她就像挂在枝头的饱满多汁的果实,等人去采撷品尝。

谢长陵看了会儿,想起了那些夜晚在姮沅身上尝到过的美好滋味,心里软了下,到底愿意对她宽容些,将被子给姮沅盖上,自己却不客气地越过楚汉河界,直接和姮沅挤在里面的半张床上,让姮沅躲无可躲,到处都是谢长陵硬实的肌肉,还有迫人的气息。

她晕头转向的,总能想起那些个被迫的夜晚,他强势地裹着她,不由她反抗地摆弄她的身体,要她上升,也要她下坠,要她哭泣,也要她求饶。

姮沅的身子僵硬着。

那些对她来说总是噩梦,很多次,姮沅都是靠着在心里默念谢长明的名字才熬过去,可是前不久,谢长陵刚将假象打破,逼她直面了事实。

现在她在噩梦里真的变成孤身一人了。

被窝有了谢长陵的体温,其实暖烘烘的,但姮沅只觉冷,心被压迫得连蹦跳都不敢,似乎她就要在这种等着悬刀落下的紧张里先把自己吓死了。

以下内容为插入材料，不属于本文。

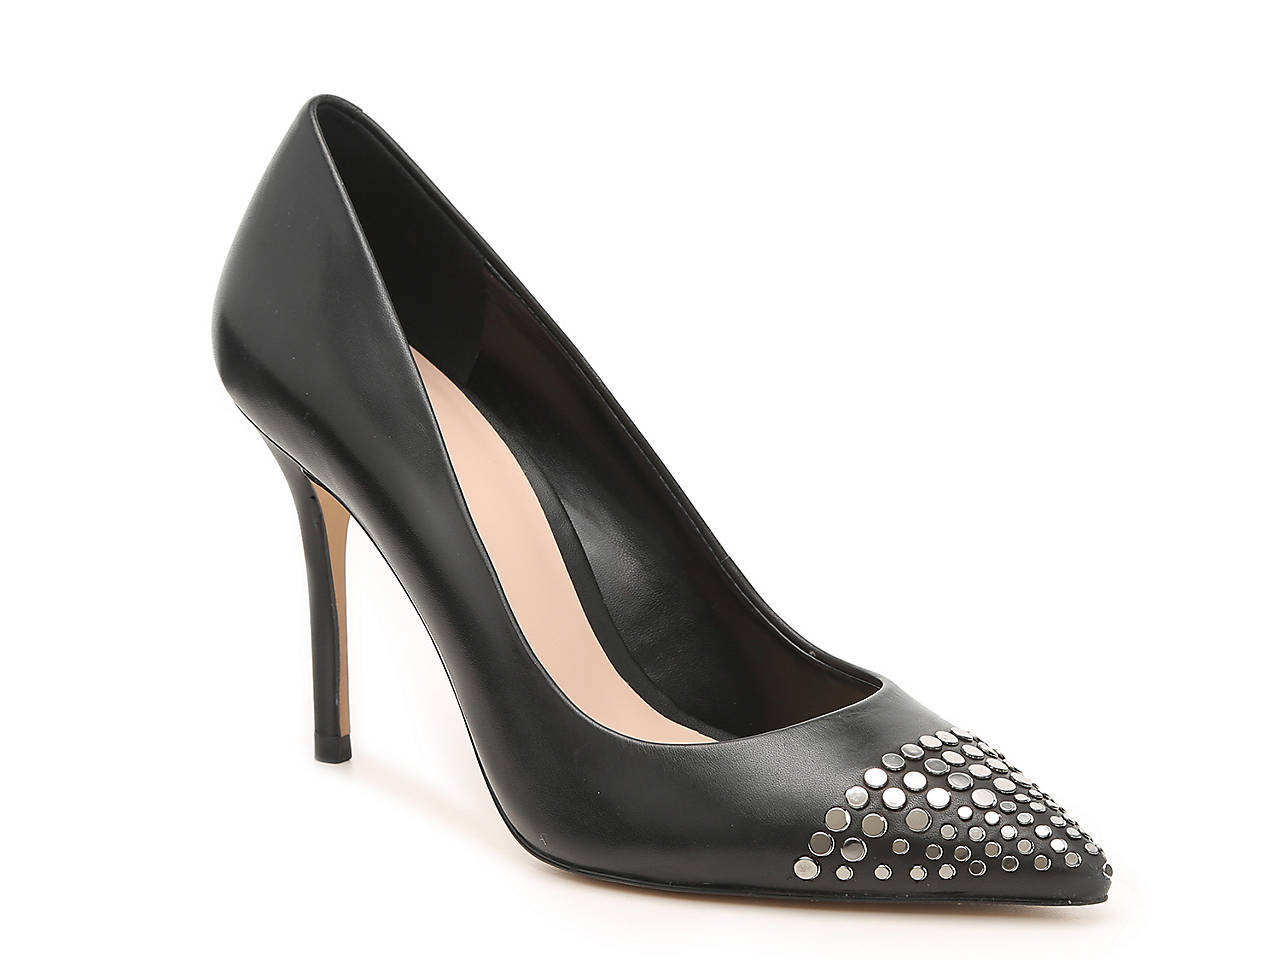 9a86644e9b58 Aldo Craysa Pump Women s Shoes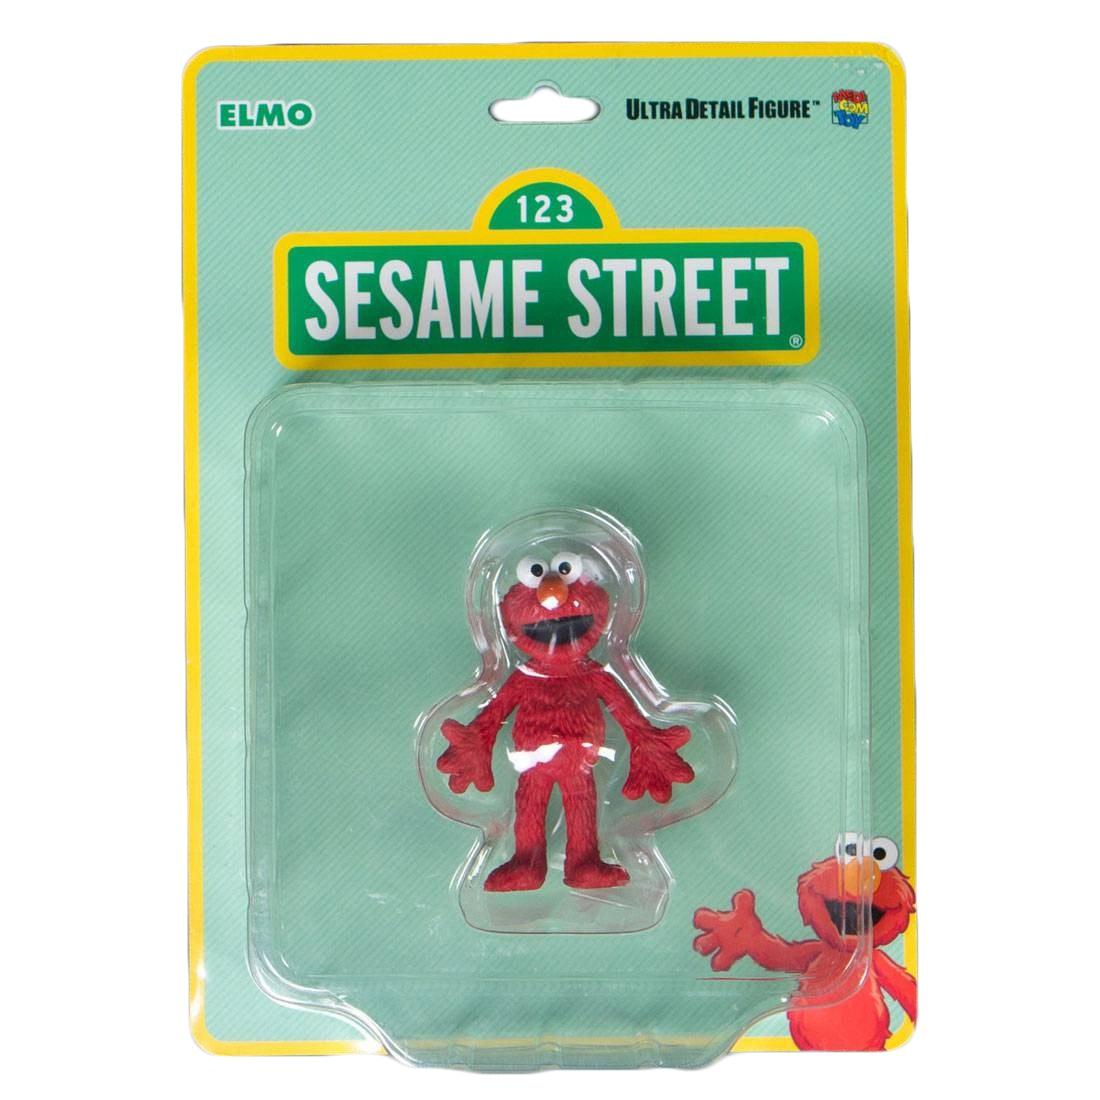 Medicom UDF-328 Ultra Detail Figure Sesame Street Oscar the Grouch

其实有什么好紧张的,一次与十次,十次与一百次的区别有那么大吗?早在被谢长陵带回大司马府,留在结萝院的时候,姮沅难道没有想过接下来会发生什么,她该如何继续忍耐吗?

就当被狗咬。

明明是这么安慰自己的,可是当谢长陵把手伸过来,搭在她的腰间时,她的身体怎么在不可控地发抖?

谢长陵困惑地问她:“你很冷吗?”

姮沅摇了摇头,道:“不冷。”

谢长陵不信。

他的指尖掠过时,在她身上激起了一阵阵的战栗,让姮沅想起屠宰场里那些为宰杀做的准备。

姮沅受不了了,她绷着脸说:“要做就赶紧做。”

做完就赶紧回锁春园去。

谢长陵拖长了音:“嫂嫂原来这般想我啊。”

姮沅当然不会承认,这本就不是事实,她嗤笑:“你留下不就为了这种事吗?”

“当然不是。”谢长陵翻了个身,姮沅看不清他的脸,却能感觉到他的气息一丝一缕地黏在身上,她能感觉到他们究竟有多近,谢长陵道,“我只是想和嫂嫂安度夜晚。”

“就像最普通的夫妻那样。”

第21章

◎“亲我一下,就带你去。”◎

他在开什么玩笑?

他们可以是仇人,是陌路人,就是不可能是夫妻。

甚至于,从谢长陵那儿听到这个词,姮沅都觉得他侮辱了这个神圣的词汇。

可是,现在他们又在做什么呢?

没有单纯的性/欲,反而盖着被子,两个人并排着好端端地躺在床上,还能聊上几句,这样的事,明明只能和谢长明做的啊。

姮沅抿直了唇,推了推谢长陵:“困了,睡觉吧。”

谢长陵轻笑了一下,倒没有继续下去,这种事做起来总要张弛有度,把人逼急了可不好。

与陌生郎君同榻共眠,姮沅可想而知睡得并不安稳,她整夜都维持着一个姿势,动都不敢动,次日醒来腰酸背疼得很,只想早早把谢长陵这尊大佛送走,休息一二。

偏大佛有自己的想法,兴致勃勃地要带姮沅去坊市玩。

姮沅是万万不能和谢长陵出门的,她在长安无人相识,可谢长陵不一样,届时该怎么介绍她的身份,她又该怎么解释她这个嫂子和小叔子在外头招摇过市。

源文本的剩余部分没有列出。